Problem description: Take a stack of coins all heads up. Upturn the topmost coin, place back on the stack and then proceed: take the top 2 coins and upturn as a single stack (tail, head becomes when upturned and placed back on the stack tail, head (the two coins are flipped as if glued together)). Now in the same way flip the top 3 coins and place back on the stack (you get: tail, tail, head (and if there were 4 coins that would be tail, tail, tail, head). When you upturn the whole stack begin again with the first coin. Continue until you return to a stack with all heads up.

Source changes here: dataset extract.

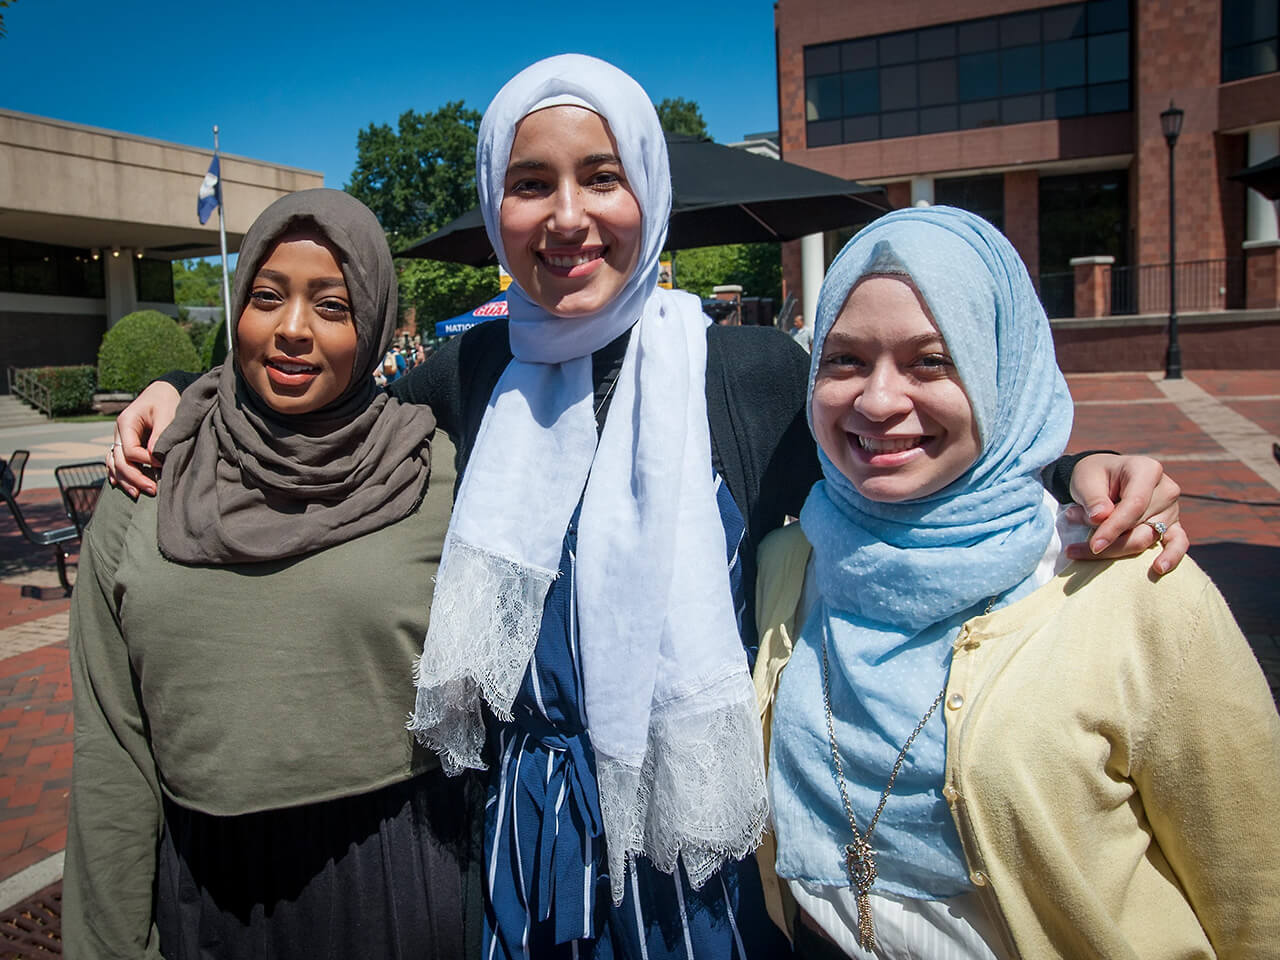 Three females with hijabs smile together outside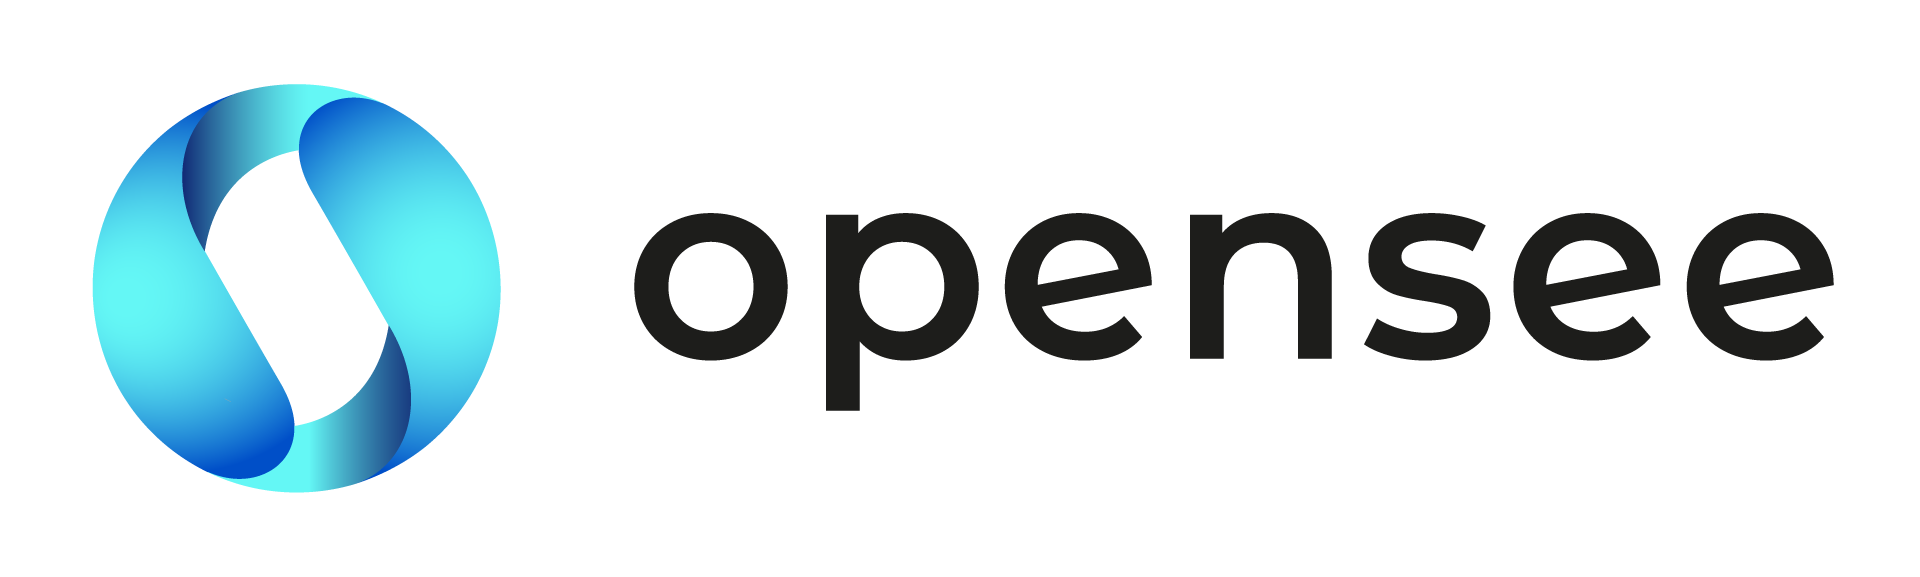 ICA Announce New Name: OpenSee

Here’s what I came up with:

‘Stack a number of coins all heads up

‘flip the first coin and put on the stack

‘flip the first and second coin as a unit and put on the stack

‘flip the fist n coins as a unit and put on the stack

‘repeat flipping the first coin

‘stop when all coins are heads up

Dim i As Long, j As Long

Dim aCoins() As String

Dim lCount As Long

Dim dMidPoint As Double

Dim sTemp As String

Dim bAllHeads As Boolean

Const lCOINS As Long = 6

ReDim aCoins(1 To lCOINS)

‘set all coins to heads

For i = 1 To lCOINS

aCoins(i) = “H”

Next i

lCount = 0

Debug.Print lCount, Join(aCoins, “,”)

Do

For i = 1 To lCOINS

‘flip the first j coins

For j = 1 To i

If aCoins(j) = “H” Then

aCoins(j) = “T”

Else

aCoins(j) = “H”

End If

Next j

‘swap coins around the midpoint

dMidPoint = i / 2

For j = 1 To Int(dMidPoint)

sTemp = aCoins(j)

aCoins(j) = aCoins(i – (j – 1))

aCoins(i – (j – 1)) = sTemp

Next j

lCount = lCount + 1

Debug.Print lCount, Join(aCoins, “,”)

‘check for tails

bAllHeads = InStr(1, Join(aCoins, “,”), “T”) = 0

If bAllHeads Then Exit Do

Next i

Loop Until bAllHeads

End Sub

I only tested it to six coins. I thought the graph would be prettier.

Dick

It looks like the upper and lower points of your chart are definitely fitting some sort of series

I’ve been bashed over the head with the following advice by professors in the past, and I think it bears repeating here:

“Always label your axes!”

I think that the horizontal axis represents the number of coins in a stack and the vertical axis represents the number of flips required to return all coins to the original orientation…correct?

Yes, x=coins in stack, y=flips to completion. Good advice on labeling axes and one I shall heed.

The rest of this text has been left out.